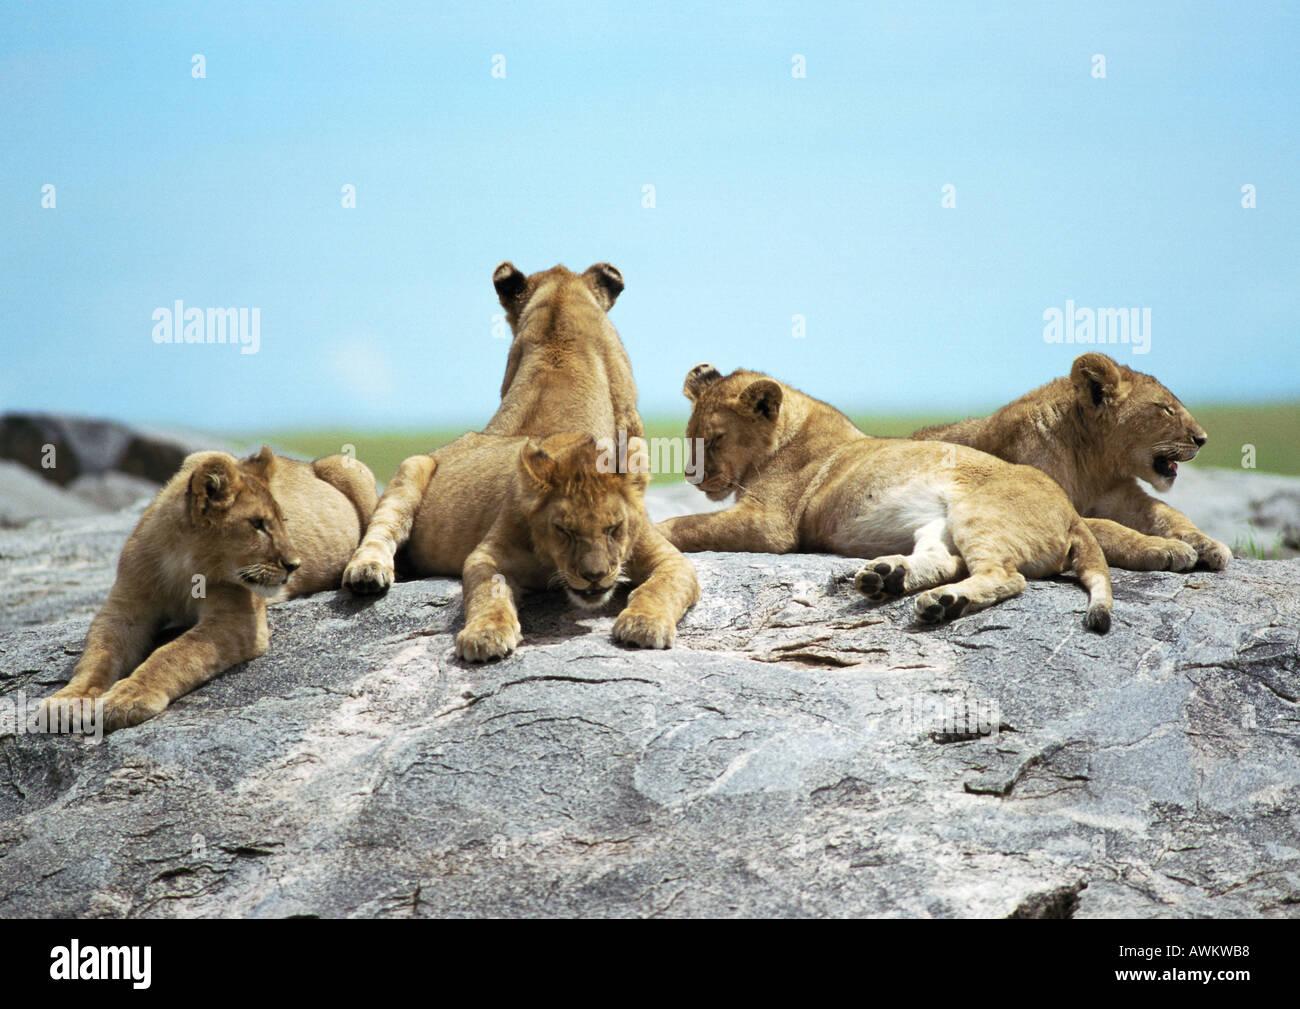 Lion cubs (Panthera leo) giacente su roccia Immagini Stock
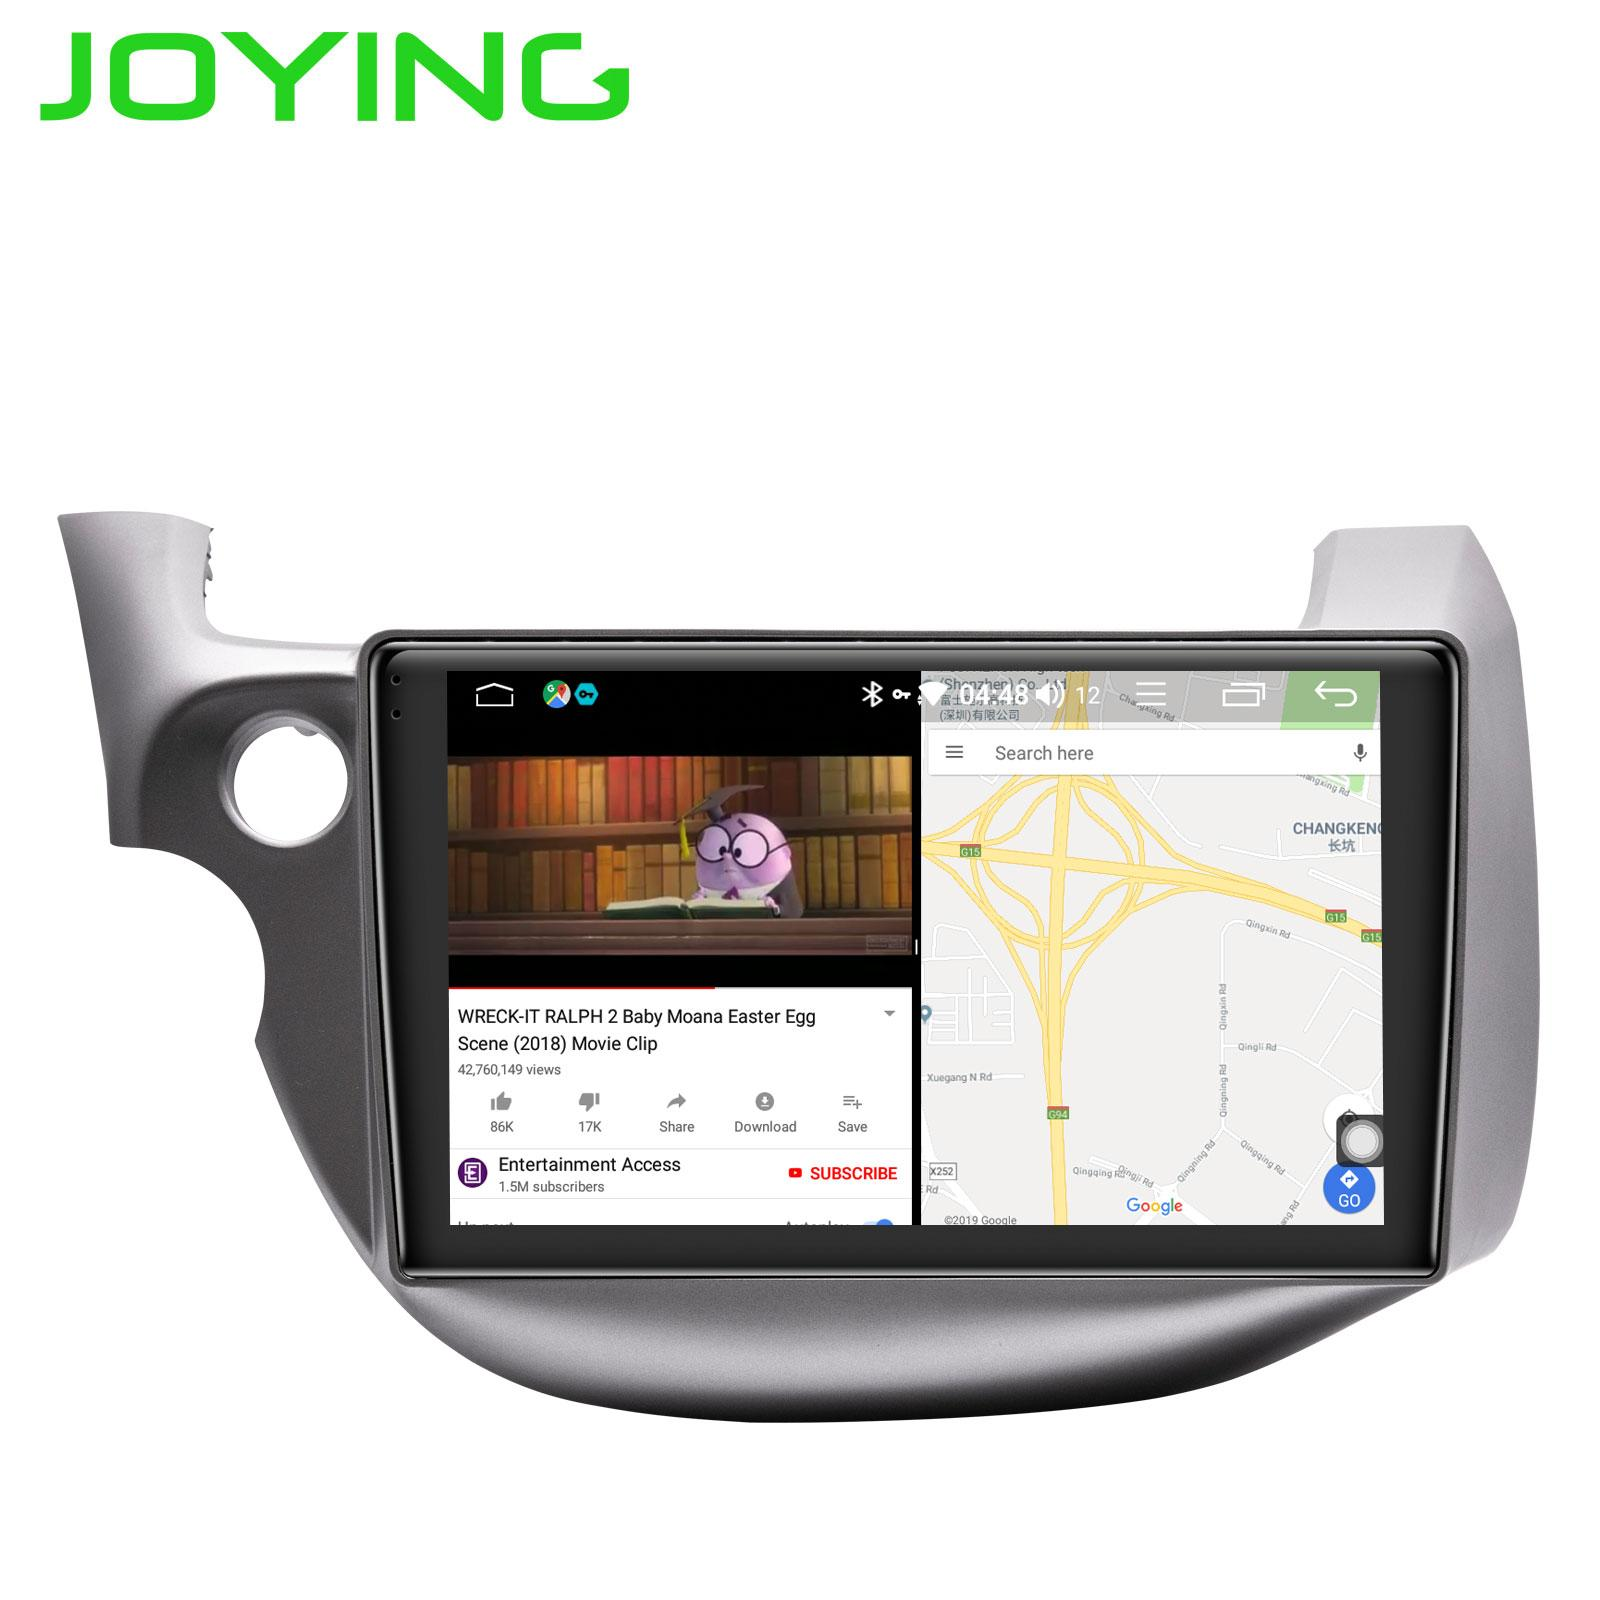 JOYING 1 din car radio Androrid 8 1 Octa Core 10 1 autoradio 4GB 32GB GPS  head unit multimedia for Honda Fit 2008-2013 DSP
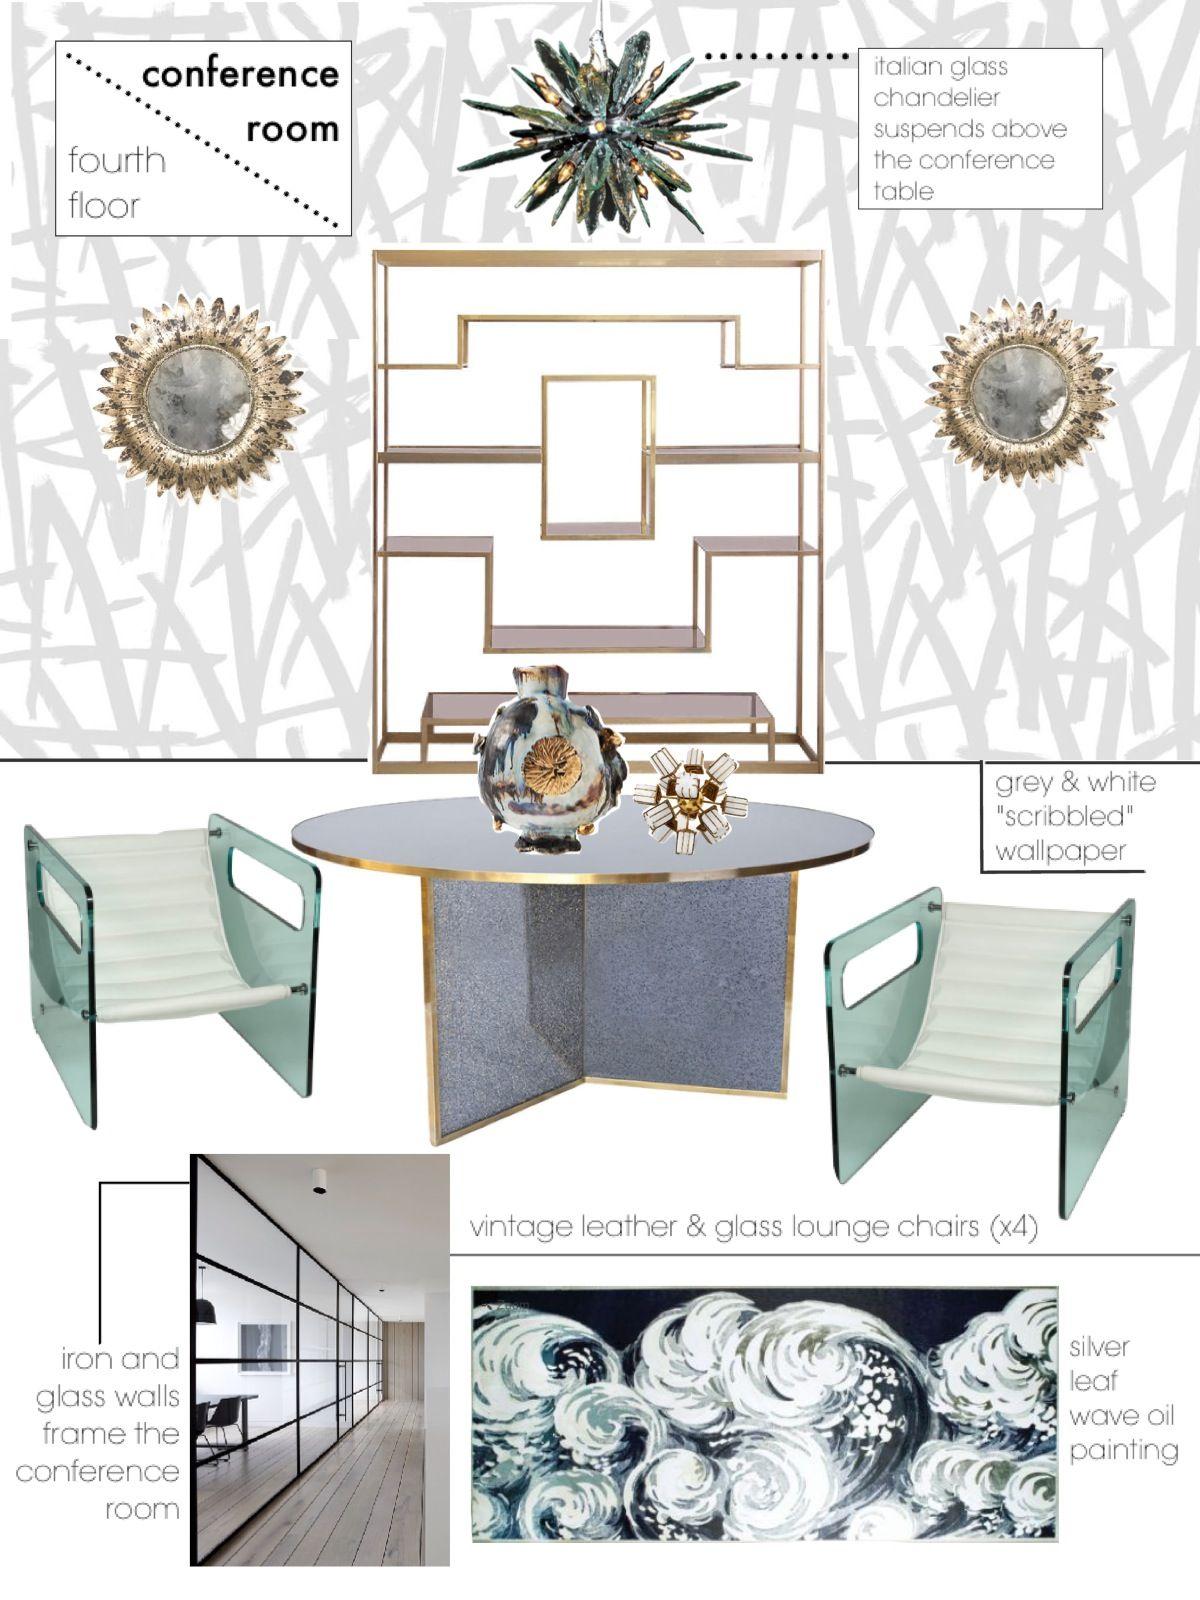 Room Design Application 8. conference room sketch | parsons interior design application

ACTION ITEM:
In your copy, leave out the pictures and reproduce the material above exactly.

EXPECTED ANSWER:
 Lion cubs (Panthera leo) giacente su roccia Immagini Stock
 JOYING 1 din car radio Androrid 8 1 Octa Core 10 1 autoradio 4GB 32GB GPS  head unit multimedia for Honda Fit 2008-2013 DSP
 Room Design Application 8. conference room sketch | parsons interior design application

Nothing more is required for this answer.